- IATA: BFT; ICAO: KARW; FAA LID: ARW;

Summary
- Airport type: Public
- Owner: County of Beaufort
- Serves: Lady's Island
- Elevation AMSL: 9 ft (2.7 m)
- Coordinates: 32°24′44″N 080°38′04″W﻿ / ﻿32.41222°N 80.63444°W
- Website: www.beaufortcountyairport.com/...

Map
- ARW Location of airport in South Carolina

Runways
| Direction | Length |  | Surface |
| ft | m |
| 7/25 | 3,434 | 1,047 | Asphalt |

Statistics (2018)
- Aircraft operations: 18,000
- Based aircraft: 36
- Source: Federal Aviation Administration

= Beaufort County Airport =

Beaufort Executive Airport is a county-owned, public-use airport in Beaufort County, South Carolina, United States. The airport is located on Lady's Island, 3 nmi southeast of the central business district of Beaufort, South Carolina. It is also known as Frogmore Intranational Airport.

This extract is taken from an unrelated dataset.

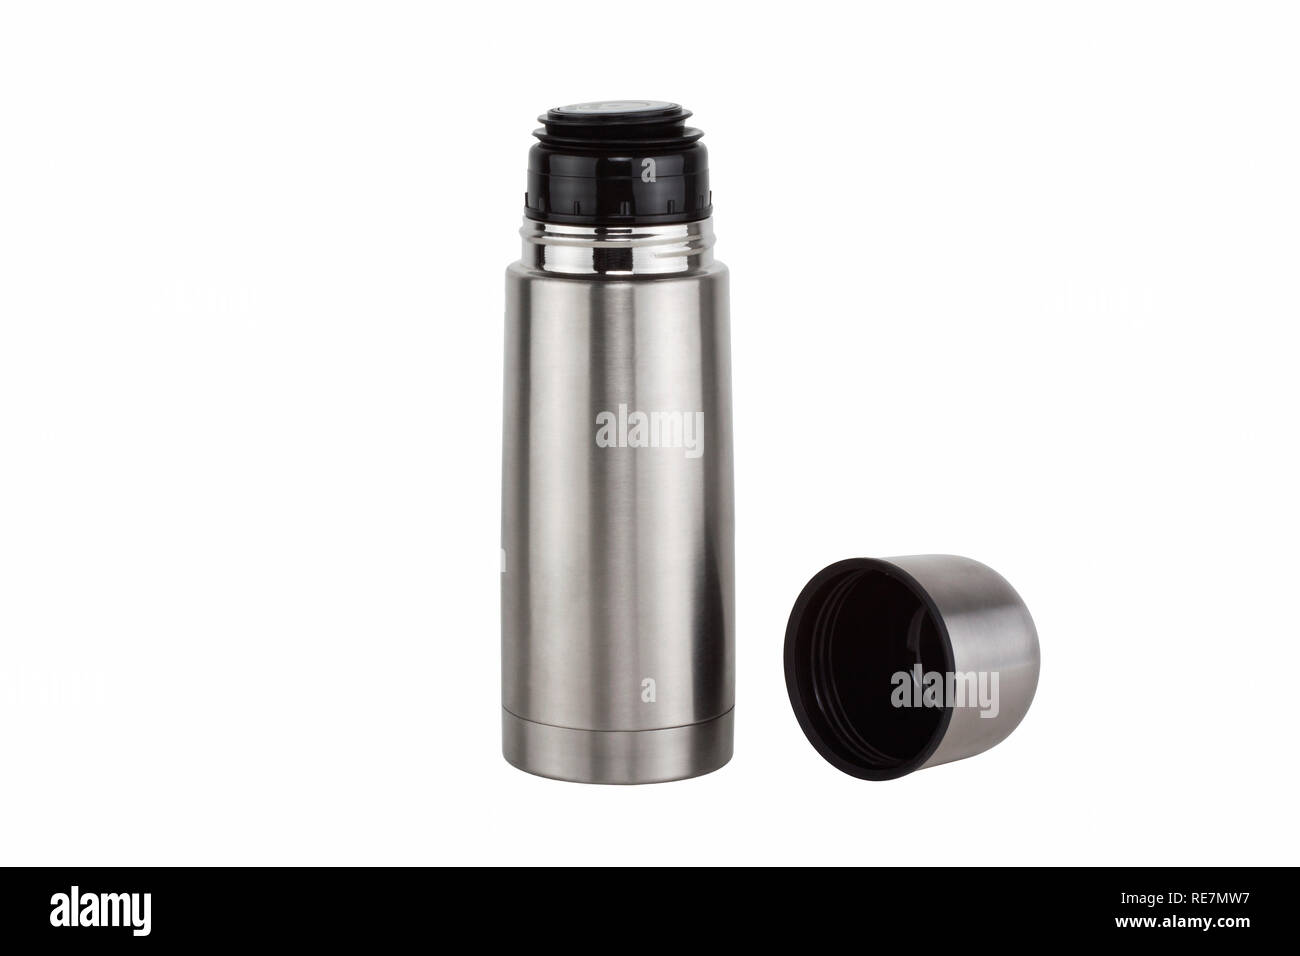 https://c8.alamy.com/comp/RE7MW7/stainless-bottle-thermos-travel-on-white-background-RE7MW7.jpg

This airport is included in the National Plan of Integrated Airport Systems for 2021–2025, which categorized it as a general aviation facility.

Although many U.S. airports use the same three-letter location identifier for the FAA and IATA, this airport is assigned ARW by the FAA and BFT by the IATA (which assigned ARW to Arad Airport in Arad, Romania).

Beaufort is also known for hosting Marine Corps Air Station Beaufort , located 10 km southwest of Beaufort County Airport.

== Facilities and aircraft ==
Beaufort Executive Airport covers an area of 110 acre at an elevation of 9 ft above mean sea level. It has one runway designated 7/25 with an asphalt surface measuring 3434 ft by 75 ft.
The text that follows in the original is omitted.